# How to prove an elementary functional equation for polylogarithms?

Let $Li_s(z)$ denote the usual polylogarithm. The elementary functional equation $$Li_{-n}(z)=(-1)^{n-1}Li_{-n}(1/z)$$ holds for $n\geq 1$. I remember only that the proof used some reproducing property of the Stirling numbers of the second kind.

This functional equation is rather useful because, taking linear combinations, it amounts to saying that a meromorphic function having a power series on the open unit disc whose coefficients are the values of a polynomial $f$ of degree $d$ evaluated at integer arguments:

$$\sum_{k=0}^{\infty}f(k)z^k=\frac{1}{(1-z)^{d+1}}\sum_{k=0}^{d}\left(\sum_{j=0}^k{d+1\choose j}(-1)^jf(k-j)\right)z^k$$

is defined for $|z|>1$ by the series

$$-\sum_{k=1}^{\infty}f(-k)z^{-k}.$$

I would like to know how this functional equation (or the continuation by sum over negative powers) can be proved?

Please note that the use of statements like

$$\sum_{k=-\infty}^{\infty}k^nz^k=\left(z\frac{d}{dz}\right)^n\sum_{k=-\infty}^{\infty}z^k=\left(z\frac{d}{dz}\right)^n 0=0$$ is acceptable only if you can also prove that the sums of positive and negative powers converge on a common arc of the unit circle.

In his answer below, Fedor Petrov has pointed out that the use of divergent series as formal generating functions is justified in some cases, so the last statement is incorrect.

Let's try to understand in which sense this equality $$\sum_{k=-\infty}^{\infty}k^nz^k=\left(z\frac{d}{dz}\right)^n\sum_{k=-\infty}^{\infty}z^k=\left(z\frac{d}{dz}\right)^n 0=0$$ may be understood.

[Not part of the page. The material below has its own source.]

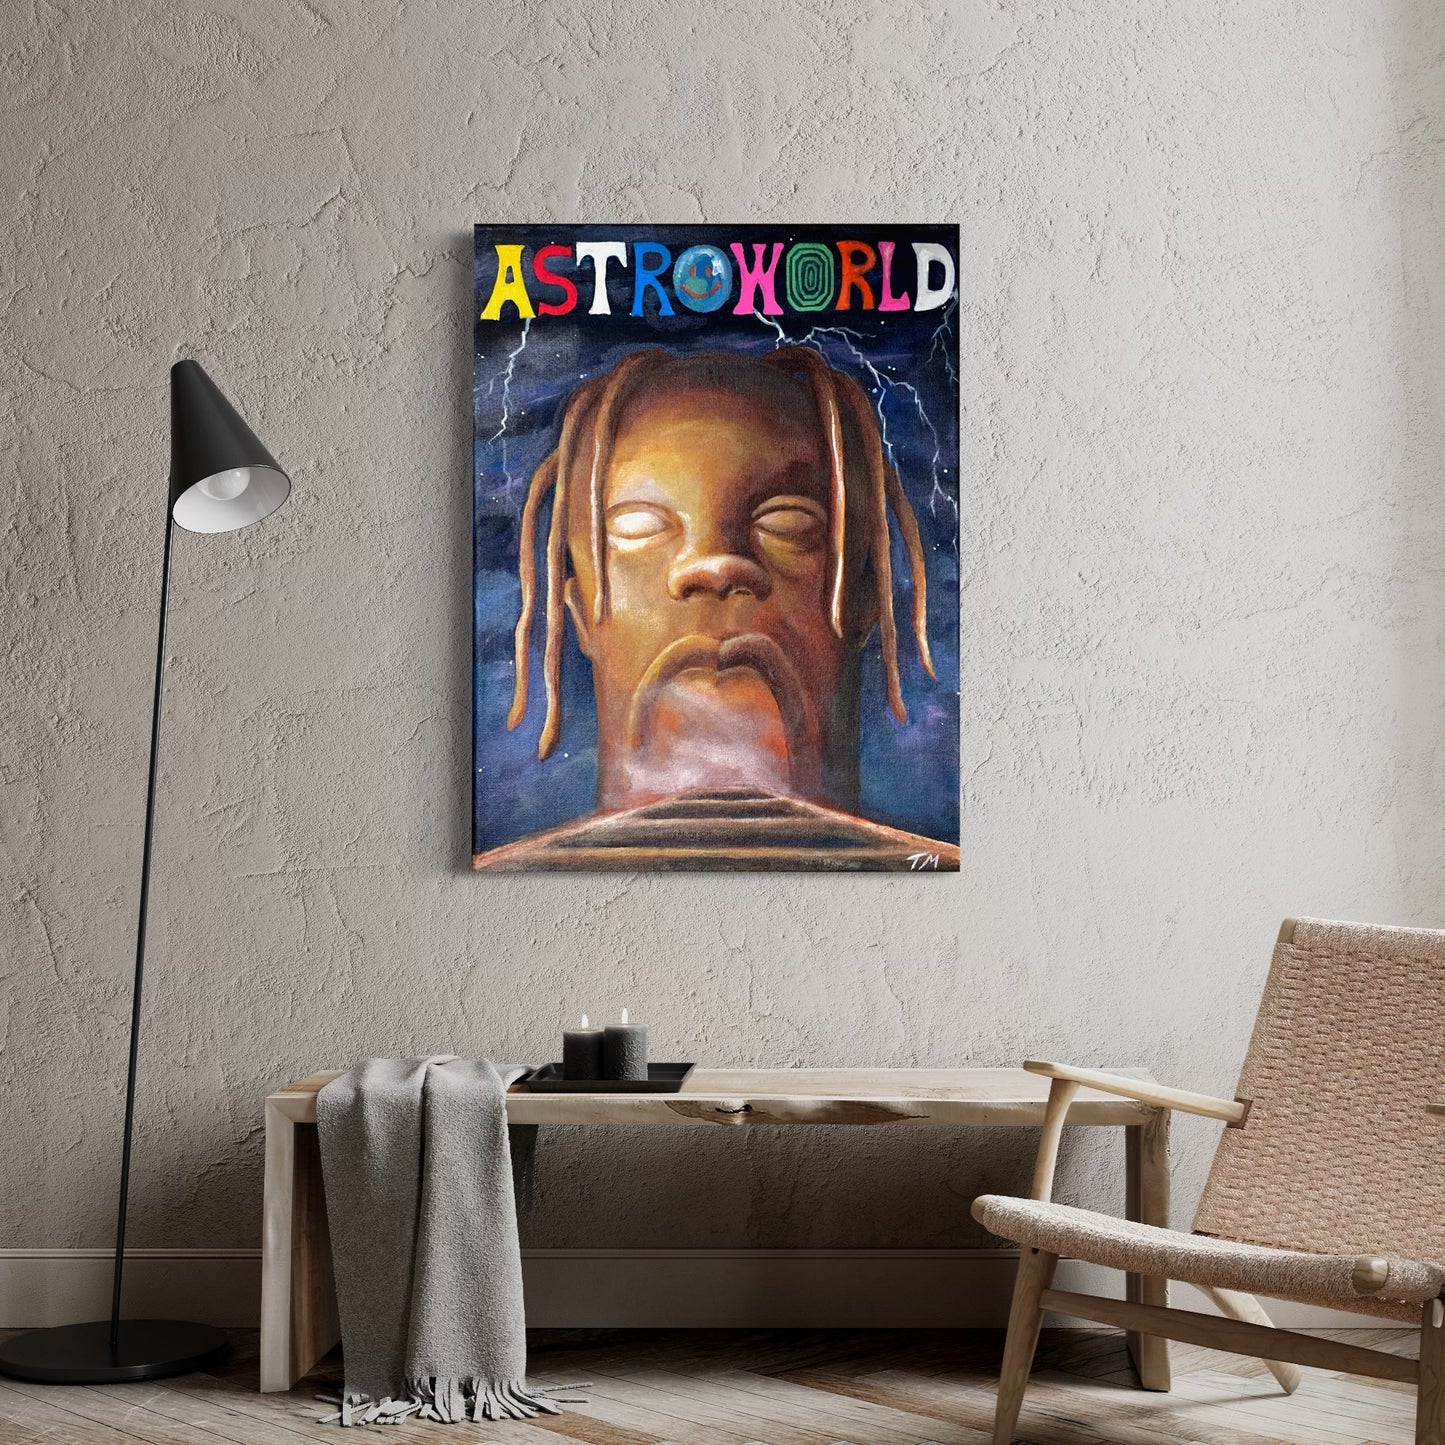 Astroworld - Canvas

Of course, there is no convergence in usual sense on the unit circle (because terms do not tend to 0). Actually, we do not use analysis at all, as it is purely combinatorial-algebraic statement. For two-sided Laurent series like $\sum_{k=-\infty}^{\infty} a_k z^k$ there are following well-defined operations: taking derivative and multiplying by polynomials, and we have $(fg)'=f'g+fg'$ for polynomial $f$ and two-sided series $g$. For $H(z)=\sum_{k=-\infty}^{\infty} z^k$ we have $(z-1)H(z)=0$. Hence $(z-1)H'(z)+H(z)=0$, multiplying by $(z-1)$ we get $(z-1)^2H'(z)=0$. Take a derivative again to get $(z-1)^3H''(z)=0$ and so on. This implies that $$0=(z-1)^{n+1}\left(\left(z\frac{d}{dz}\right)^n H(z)\right)=(z-1)^{n+1}(Li_{-n}(z)+(-1)^nLi_{-n}(1/z))$$ But we know that both expressions $(z-1)^{n+1}Li_{-n}(z)$ and $(z-1)^{n+1}Li_{-n}(1/z)$ are actually polynomials in $z$. What we have proved is that the sum of those two polynomials does vanish, as desired.